Commit a0e6dec
authored
feat(address-service): DOMA-12746 implement heuristics-based address deduplication system (#7196)
* feat(address-service): use FIAS ID for address key generation in FIAS-compatible providers
* feat(address-service): DOMA-12746 move address key generation to provider classes
* feat(address-service): DOMA-12746 implement heuristics-based address deduplication system
Introduce a flexible, provider-agnostic system for identifying duplicate addresses
across different external providers (Dadata, Google, Yandex, Pullenti).
Instead of relying solely on Address.key for deduplication, the system now extracts
structured heuristics (FIAS ID, coordinates, Google Place ID, fallback key) from each
provider and matches them against existing records with configurable reliability scores.
Schema changes:
- Add AddressHeuristic model with fields: address, type, value, reliability, provider,
meta, enabled, latitude, longitude.
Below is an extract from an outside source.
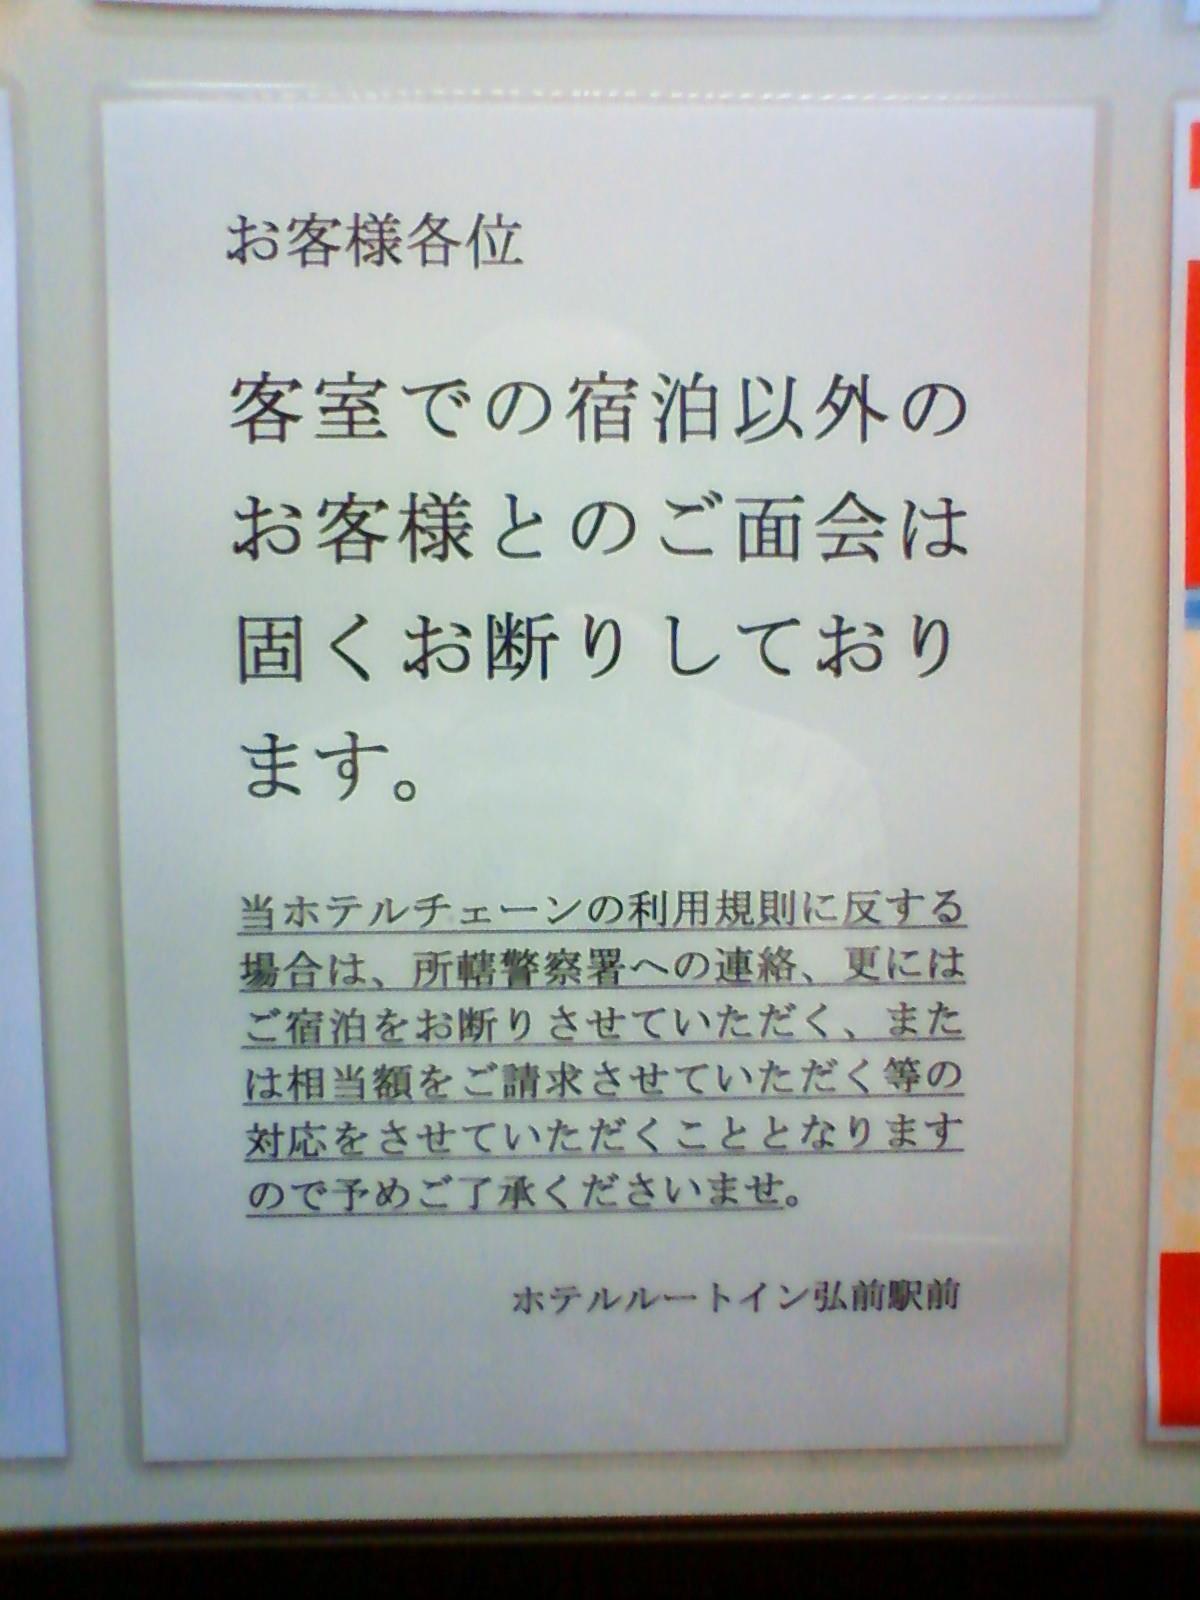 hiro-route.jpg

Unique constraint on (type, value)
- Add Address.possibleDuplicateOf relationship field for flagging potential duplicates
- Address.key format now prefixed with heuristic type (fias_id:, fallback:, etc.)
Core logic:
- extractHeuristics() in each search provider (Dadata, Google, Pullenti, Injections)
- findAddressByHeuristics() with DB range queries for coordinate matching (~1.1m tolerance)
- upsertHeuristics() to create/update heuristic records on address resolution
- Shared mergeAddresses() utility for moving sources/heuristics and soft-deleting losers
Integration:
- Search flow updated: all 4 search plugins + searchServiceUtils now extract and match
heuristics before falling back to key-based lookup
- ActualizeAddressesService updated to handle AddressHeuristic during key-collision merges
- ResolveAddressDuplicateService: new GraphQL mutation for admin merge/dismiss actions
- Admin UI button to resolve duplicates with merge/dismiss/cancel prompt
Migration scripts (all support --dry-run):
- migrate-address-keys-to-heuristics.js: updates Address.key format
- create-address-heuristics.js: backfills AddressHeuristic records from existing data
- merge-duplicate-addresses.js: bulk auto-merge clear duplicate cases
Includes migration guide (docs/MIGRATION-heuristics.md) and unit tests for
heuristicMatcher (coordinatesMatch, parseCoordinates).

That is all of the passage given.